Open: Mon-Fri: 9AM to 5PM | Sat-Sun 11AM to 5 PM

Pinchas Gutter: Holocaust Survivor

Pinchas Gutter was born to a Hasidic family in Lodz, Poland on July 21, 1932. Alongside his twin sister Sabina, he grew up in a religious Jewish community. Within a month of the Nazis’ 1939 invasion of Poland, the Gutter family, under false Christian identity, moved to Warsaw to avoid danger in their hometown. The family was interned in the Warsaw Ghetto, where they hid in a bunker during the April 1943 Warsaw Ghetto Uprising.

They were eventually discovered and deported to the Majdanek concentration camp, where Pinchas’ parents and sister were murdered. Pinchas was then transferred to forced labor camps in Poland and later to the Buchenwald and Colditz concentration camps in Germany.
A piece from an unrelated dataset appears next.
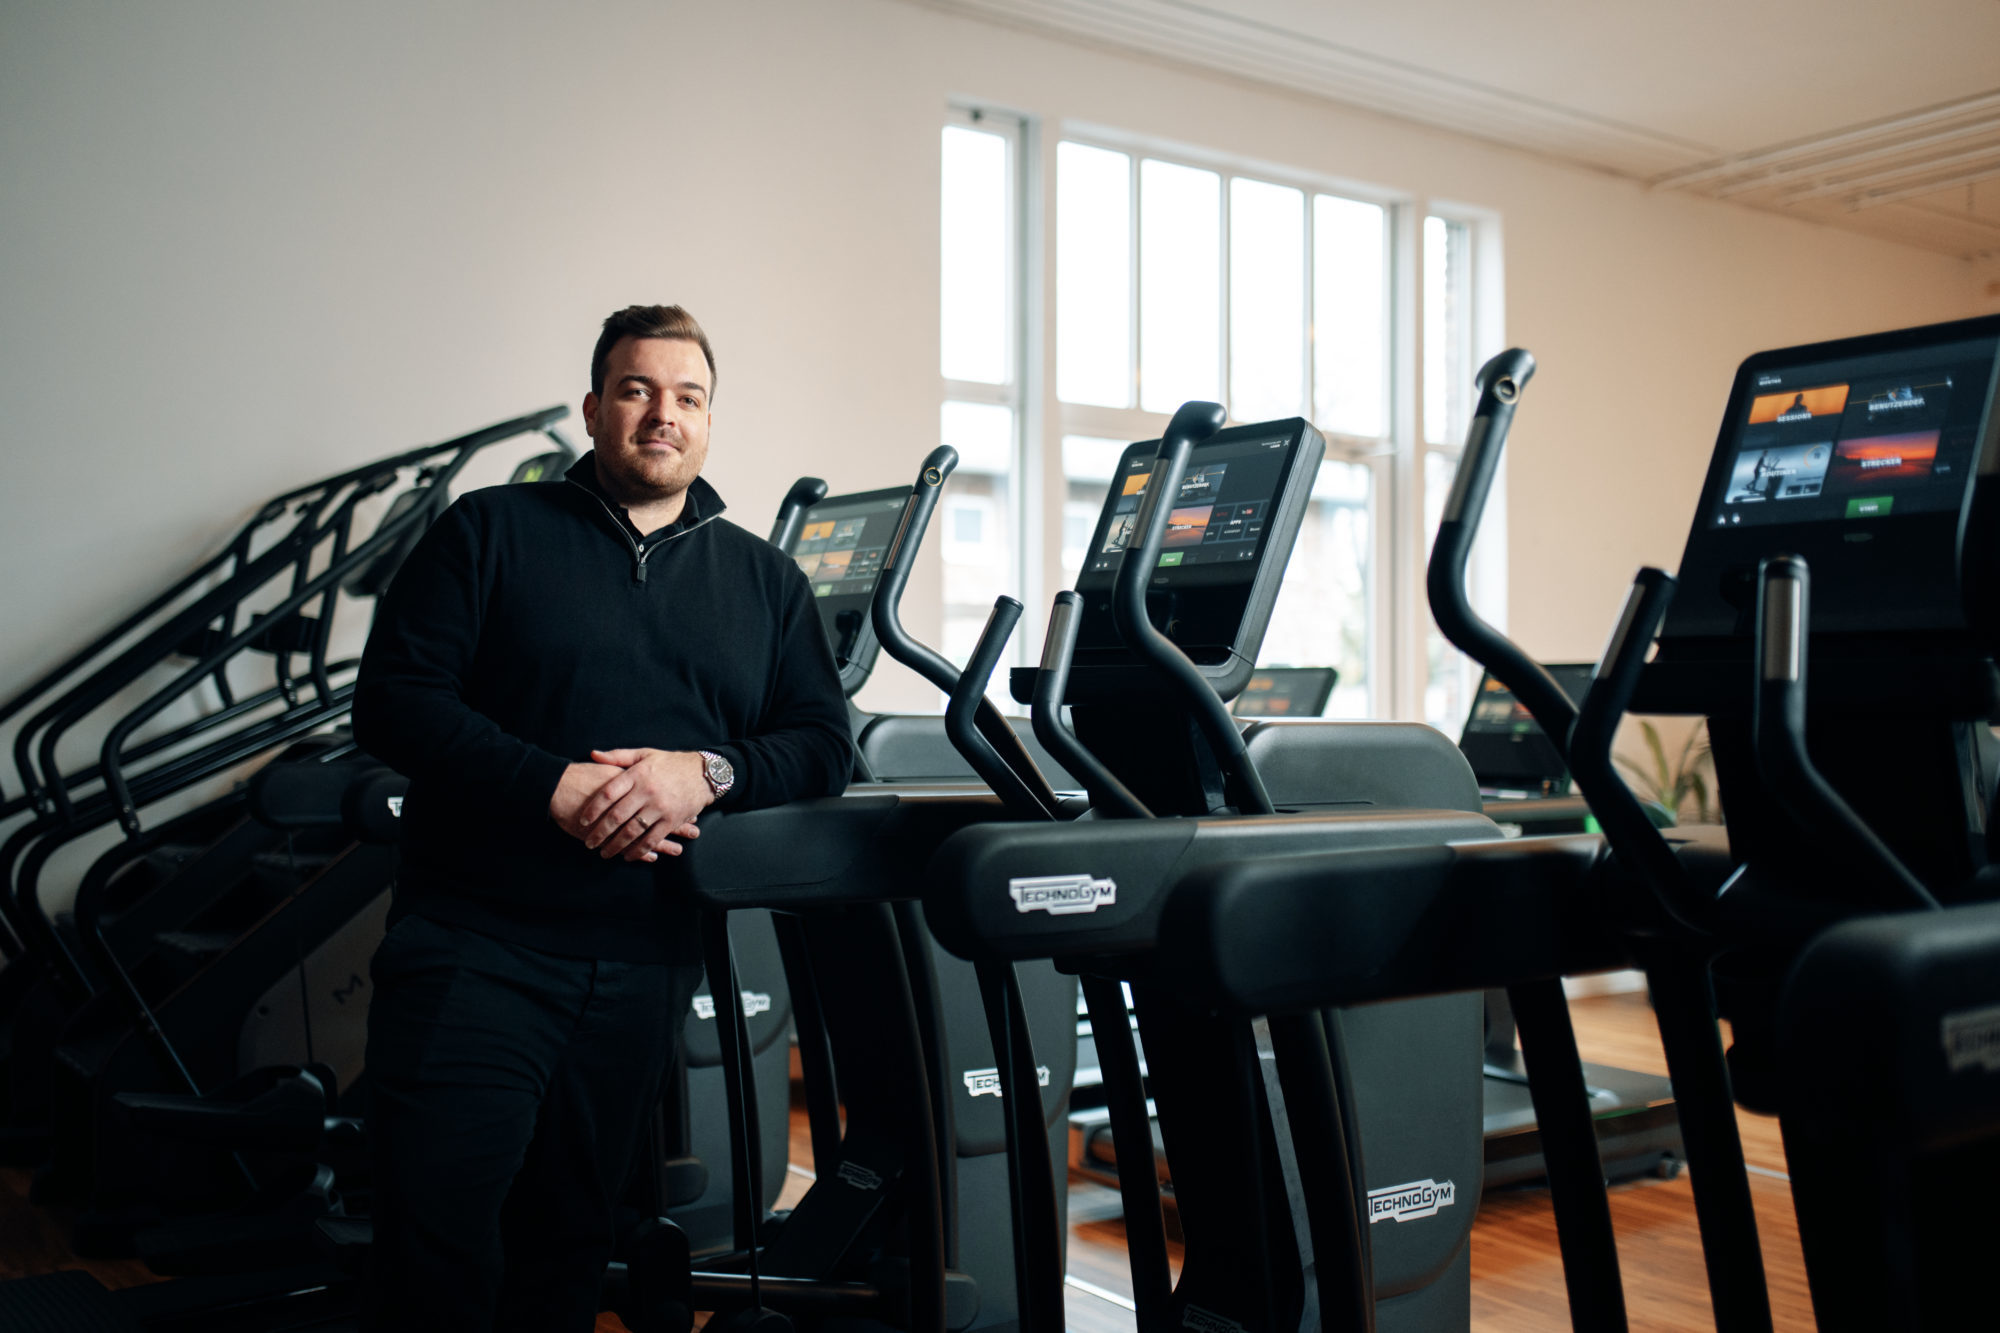 Daniel Erpenbach - Gründer und Inhaber der SPORTS AND MOTION Fitnessclubs in einem Standort in Erftstadt.

From Colditz, he was sent on a death march to the Theresienstadt ghetto in Czechoslovakia.

Pinchas was liberated from Theresienstadt by the Red Army in May 1945. After the war, Pinchas lived briefly in the United Kingdom, where he married his wife Dorothy, and then in Israel, before settling in South Africa for many years. He then immigrated to Canada in 1985 where he served as a lay chaplain at the Baycrest Jewish Home for the Aged in Toronto and as an honorary cantor at his local congregation.  Pinchas and his wife had three children and three grandchildren.